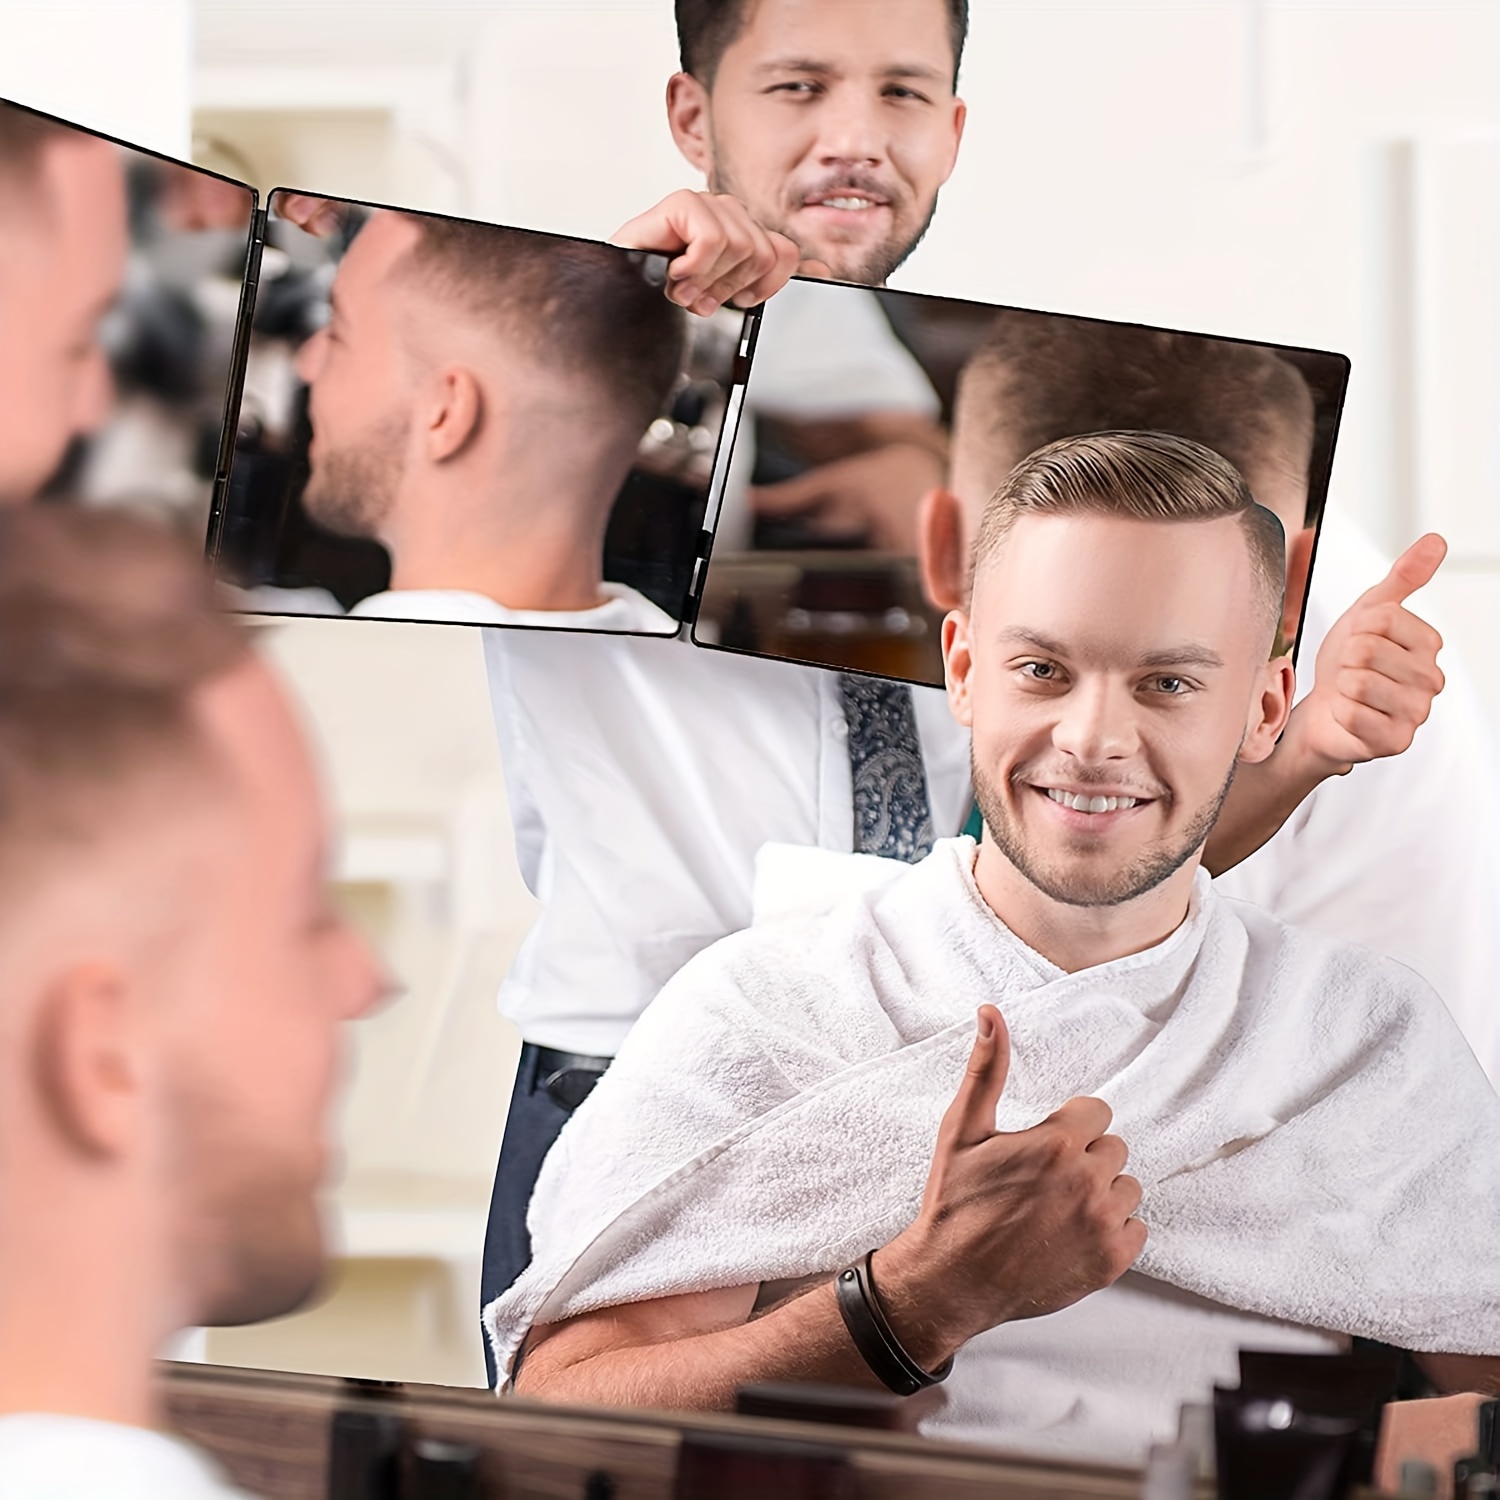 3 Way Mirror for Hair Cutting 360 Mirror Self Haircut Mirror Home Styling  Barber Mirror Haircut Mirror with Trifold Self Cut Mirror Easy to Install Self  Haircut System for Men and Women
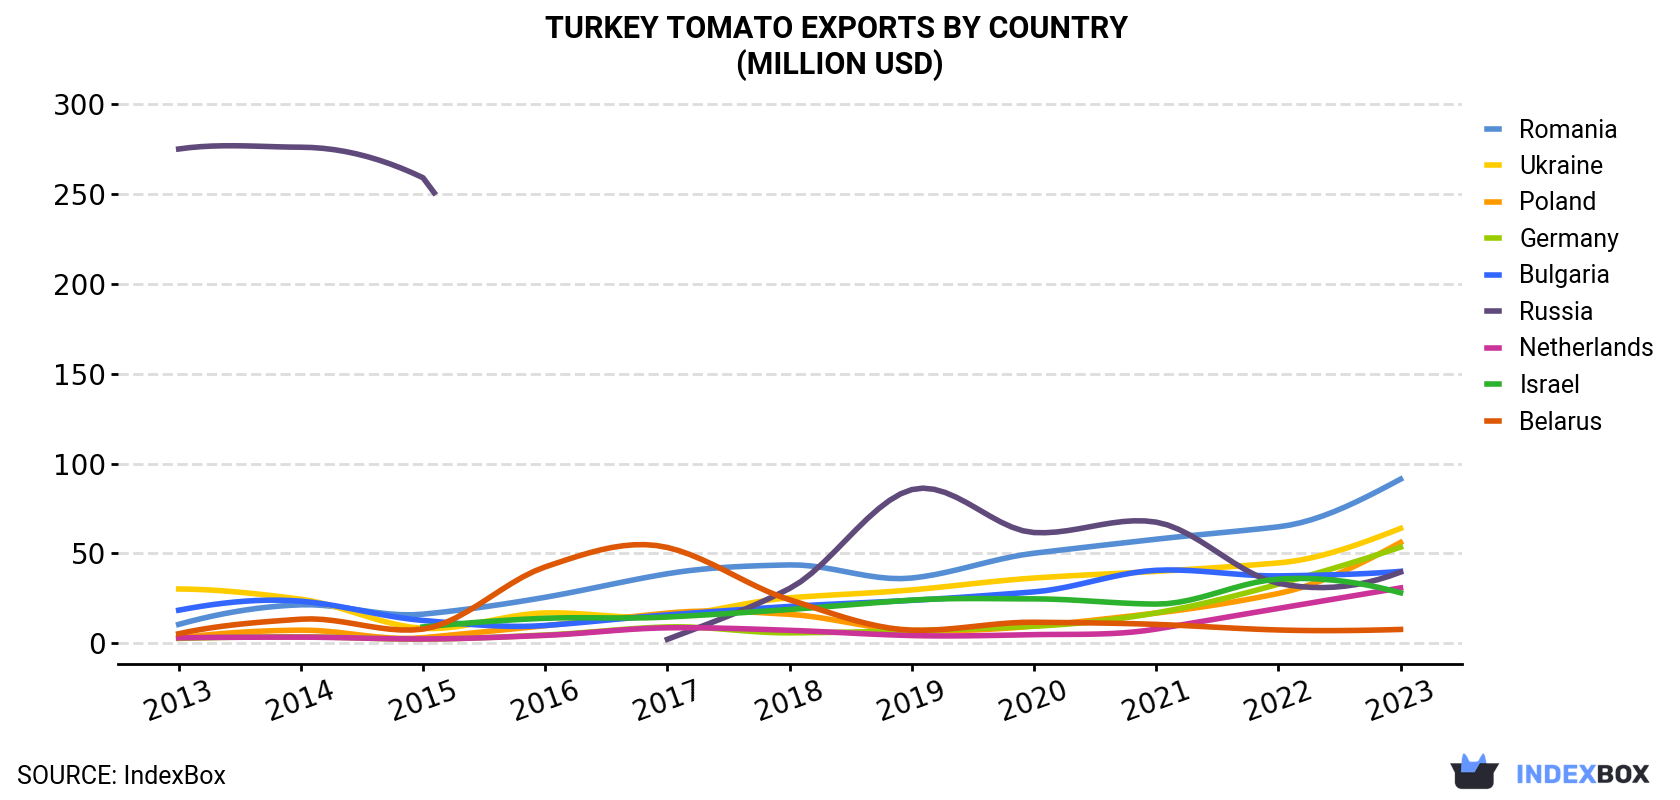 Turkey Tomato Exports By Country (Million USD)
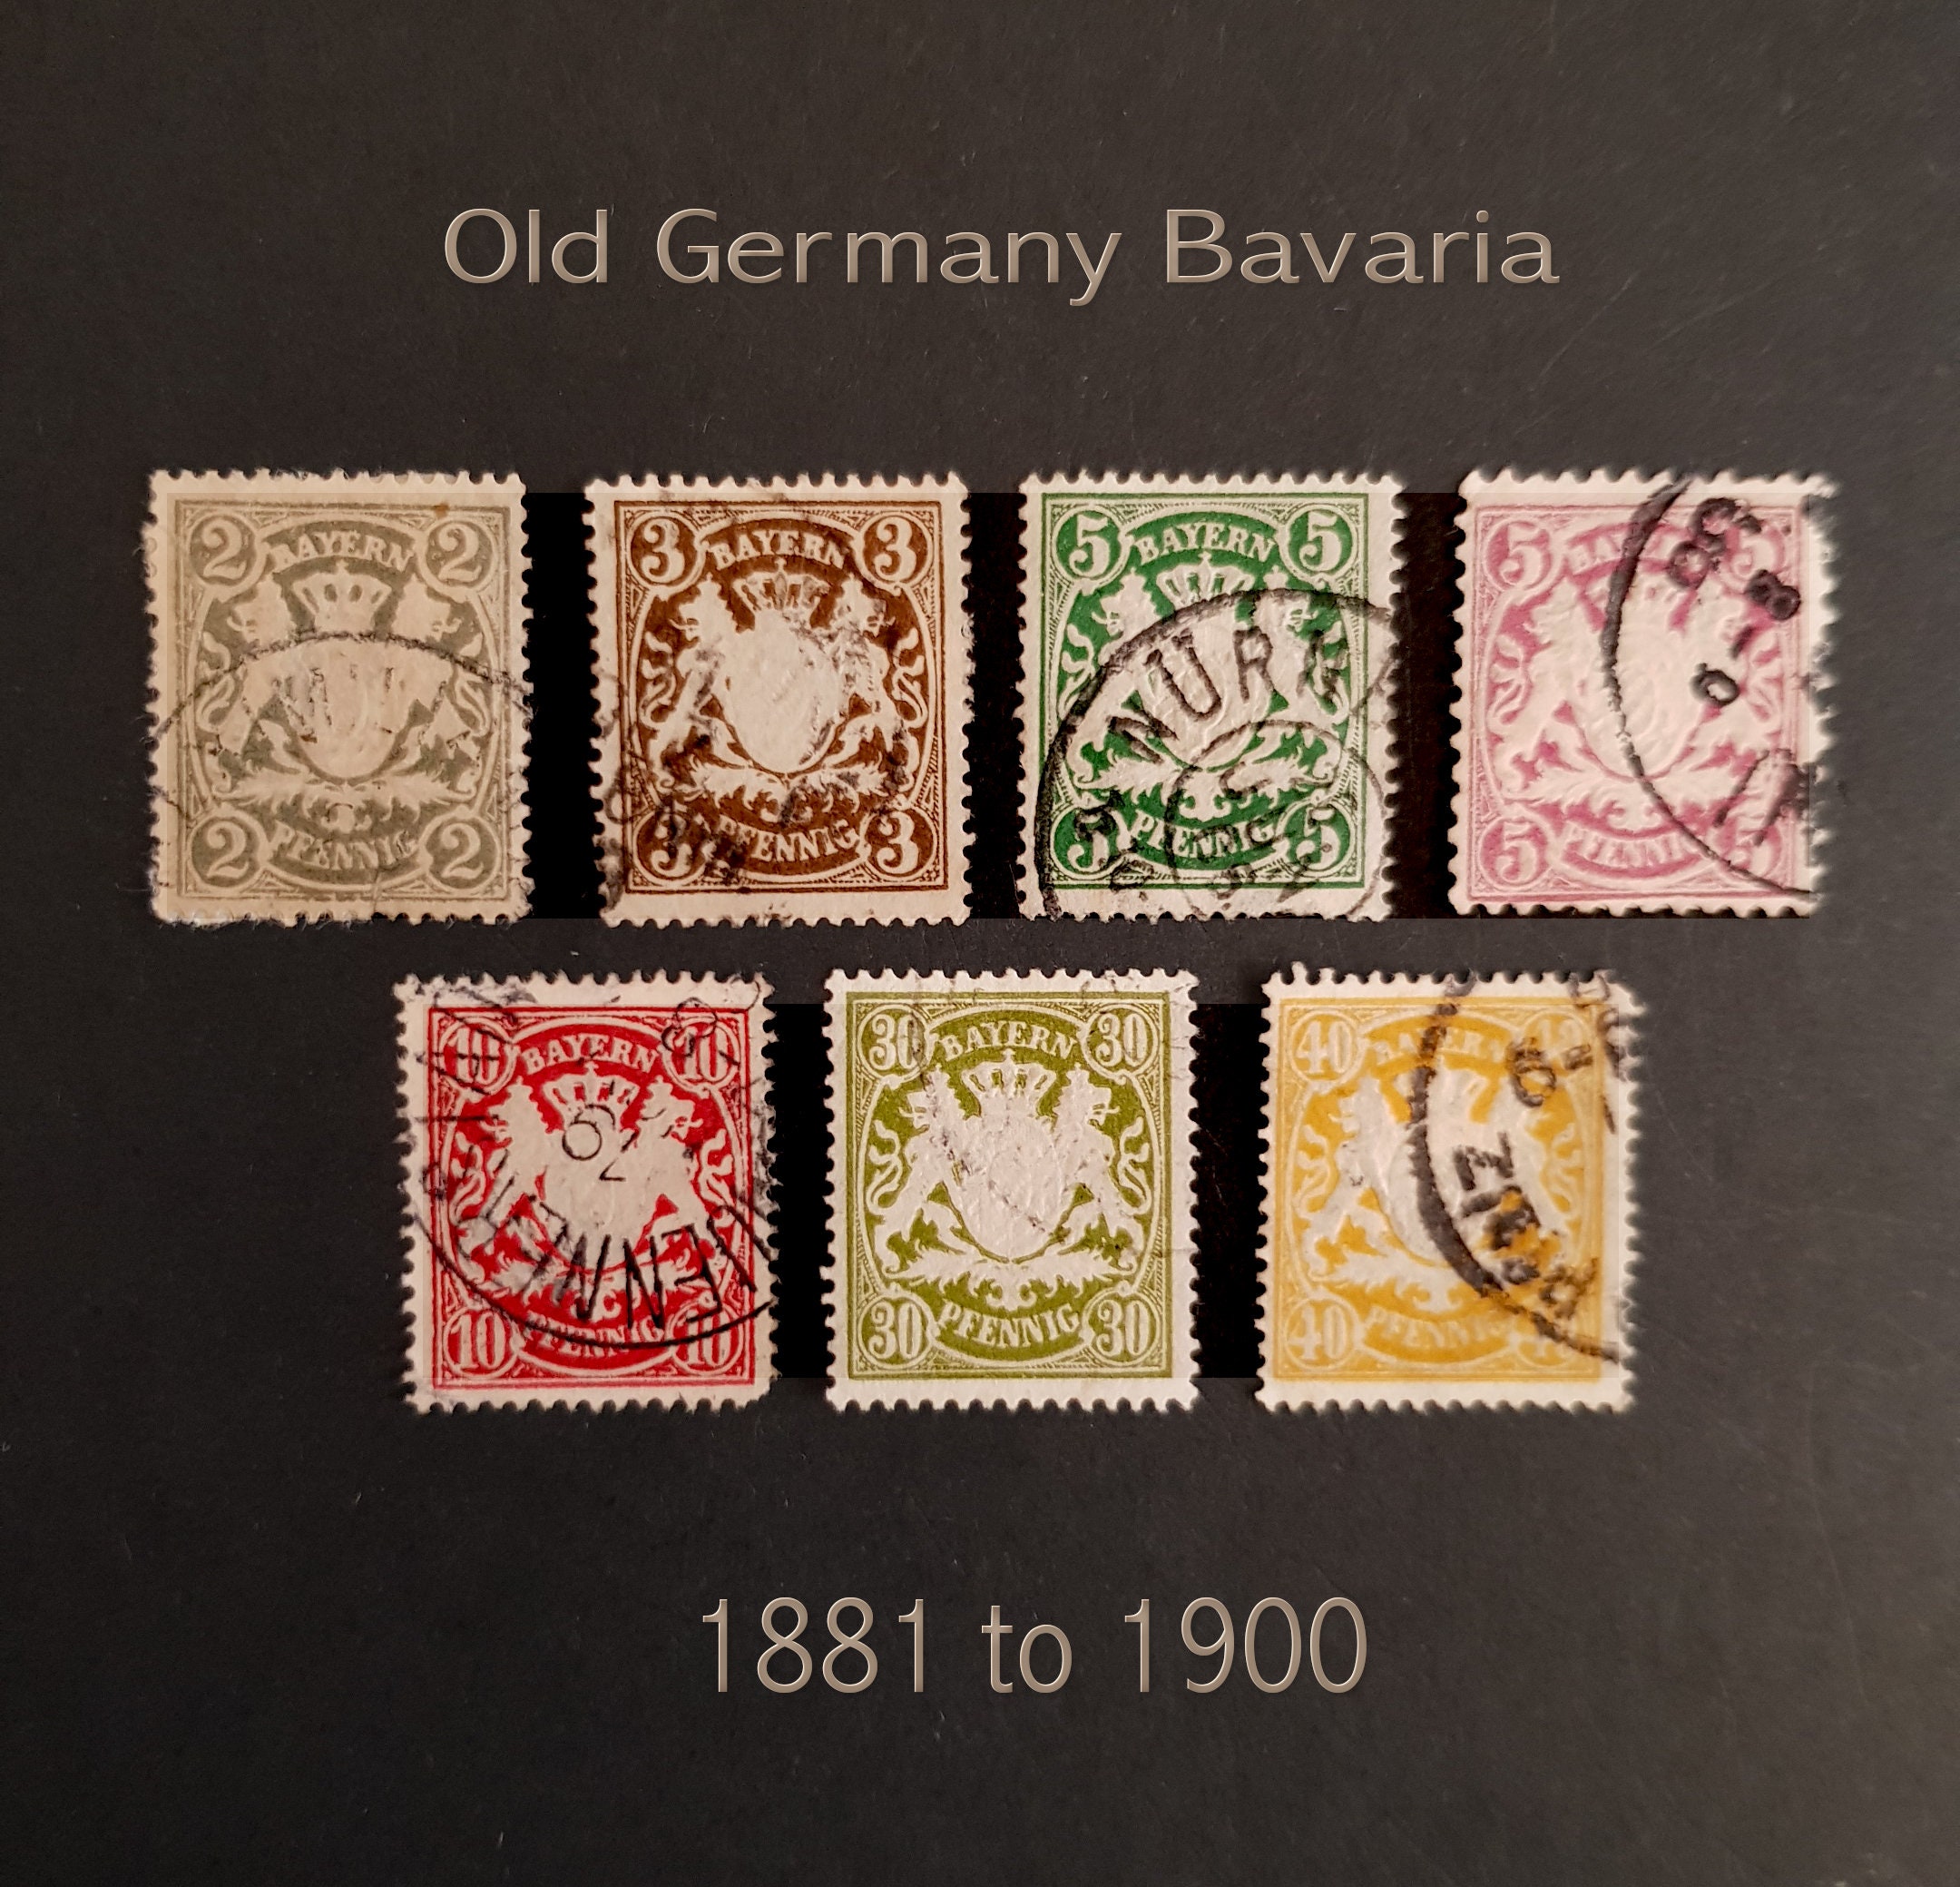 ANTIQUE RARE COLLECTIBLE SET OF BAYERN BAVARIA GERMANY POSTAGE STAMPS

- TASK OBJECTIVE -
Everything in the data except the pictures should be restated word for word.

- FINAL ANSWER -
 3 Way Mirror for Hair Cutting 360 Mirror Self Haircut Mirror Home Styling  Barber Mirror Haircut Mirror with Trifold Self Cut Mirror Easy to Install Self  Haircut System for Men and Women
 Turkey Tomato Exports By Country (Million USD)
 ANTIQUE RARE COLLECTIBLE SET OF BAYERN BAVARIA GERMANY POSTAGE STAMPS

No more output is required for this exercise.